Your instructions:
Pictures appear among the records below and must be omitted. Repeat exactly the lines from the line with "White Diamond Ring, 1.21" to the line with "Türkiye: Politically motivated", both included.

┌─ Supplied material

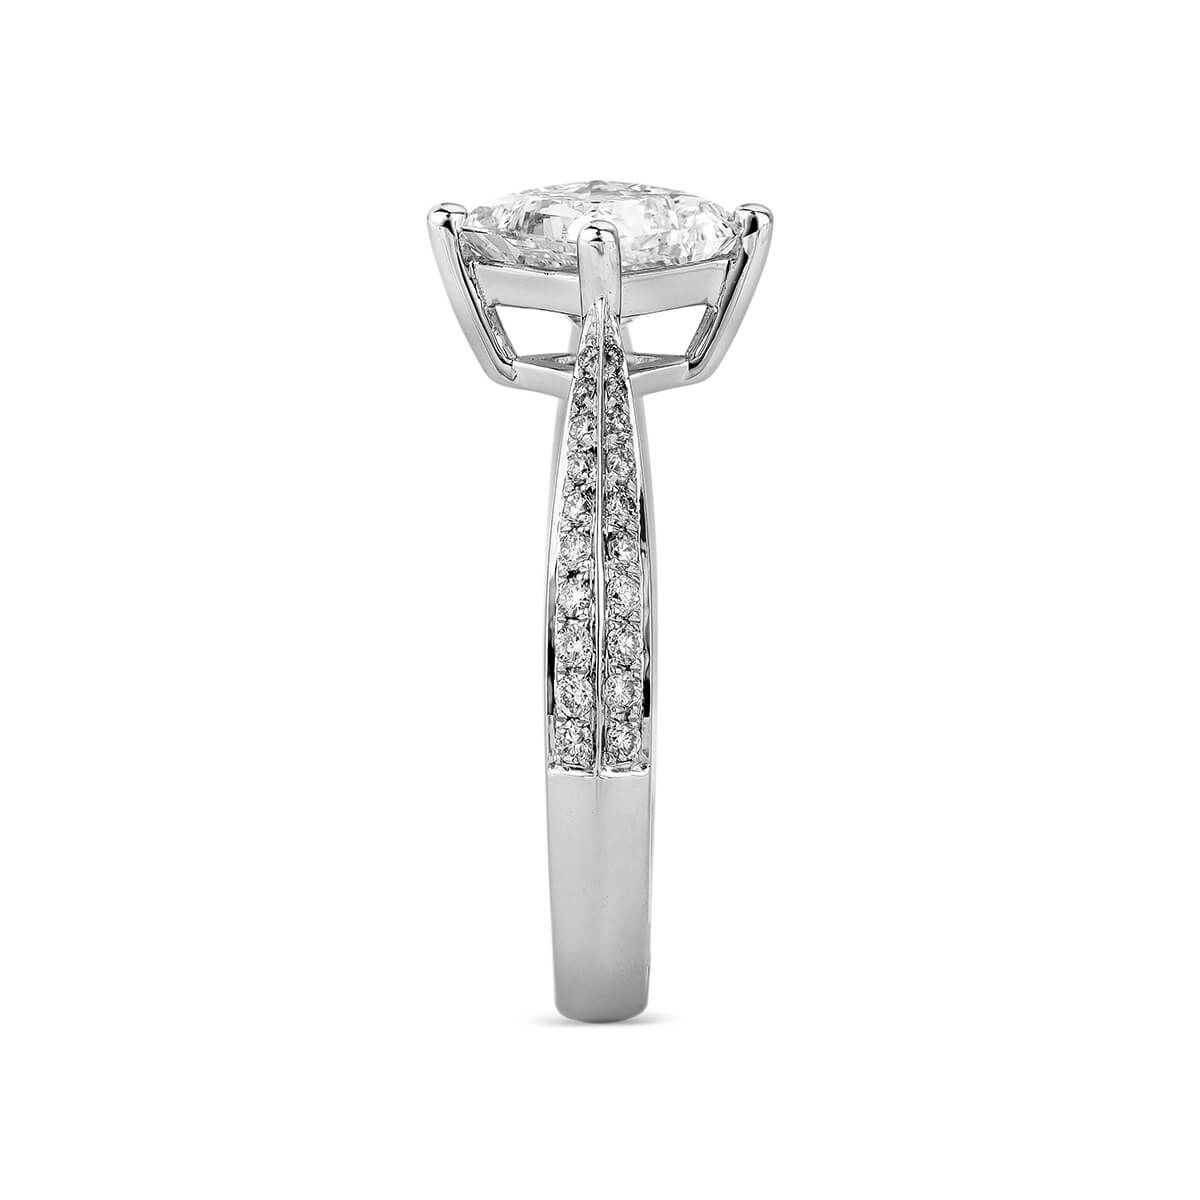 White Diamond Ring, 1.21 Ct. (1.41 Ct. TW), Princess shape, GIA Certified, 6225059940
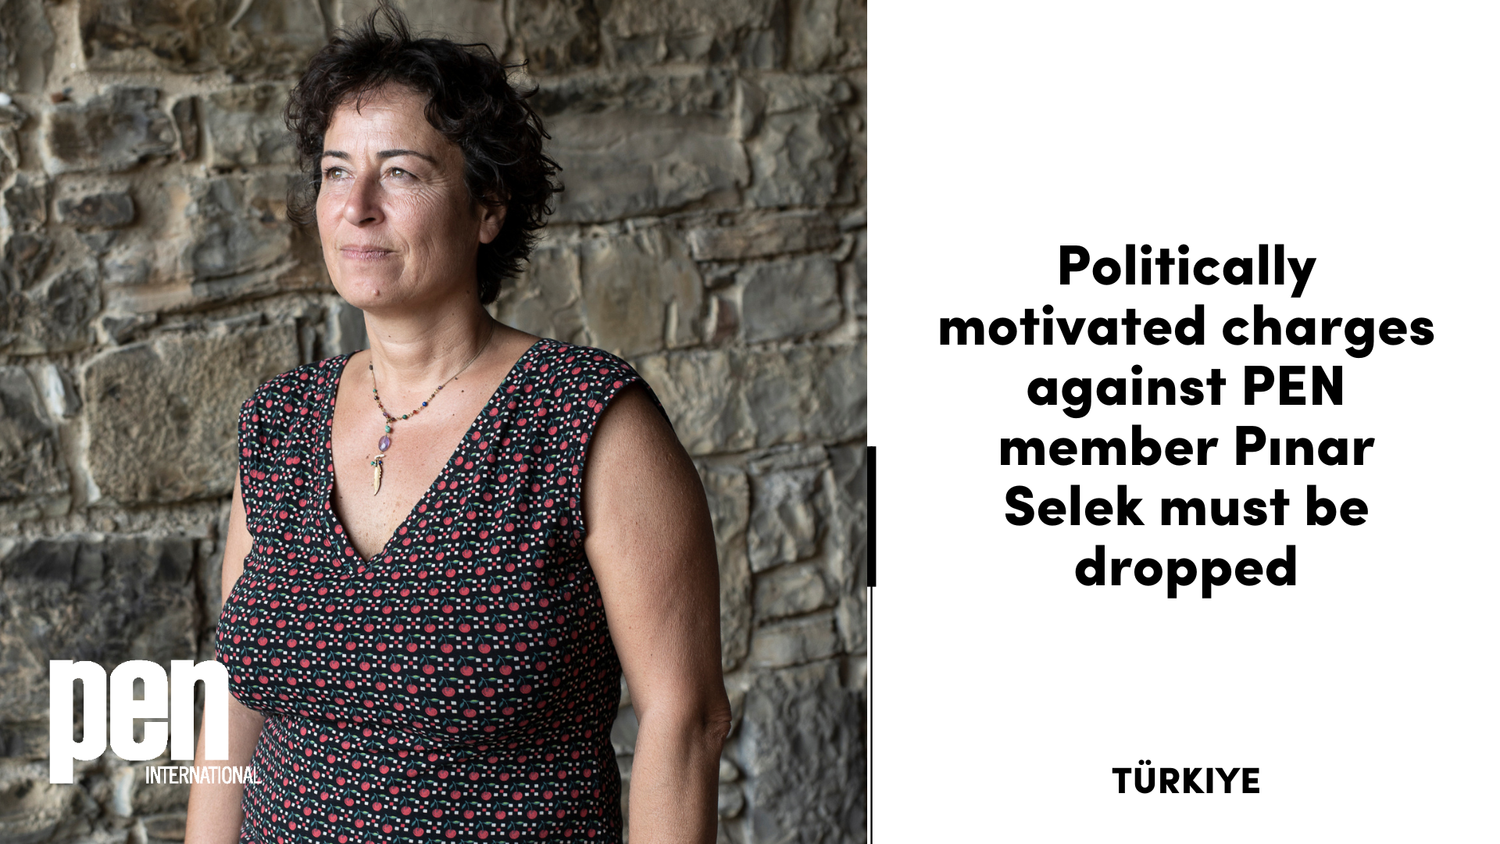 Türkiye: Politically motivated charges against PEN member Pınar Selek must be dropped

└─
┌─ Supplied material

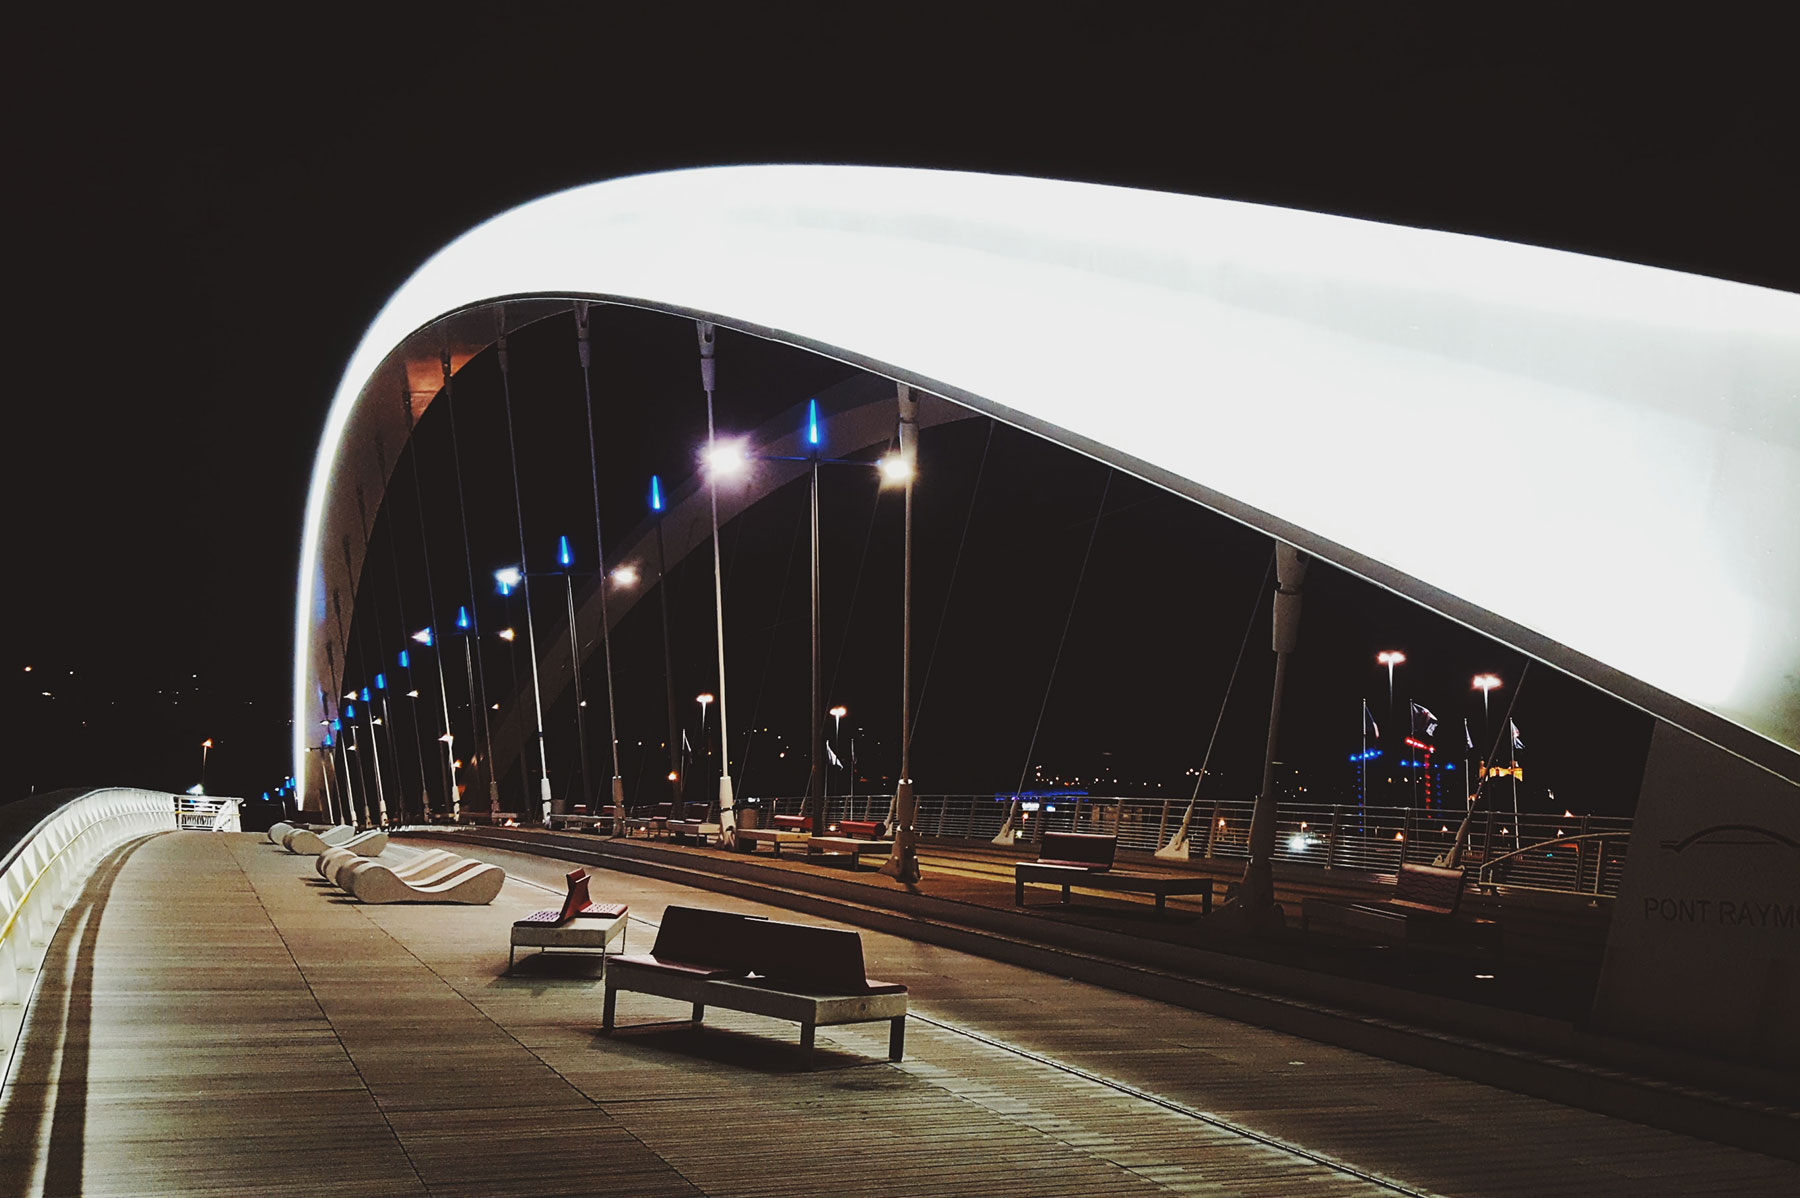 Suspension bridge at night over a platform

└─

Task solution:
 White Diamond Ring, 1.21 Ct. (1.41 Ct. TW), Princess shape, GIA Certified, 6225059940
 Türkiye: Politically motivated charges against PEN member Pınar Selek must be dropped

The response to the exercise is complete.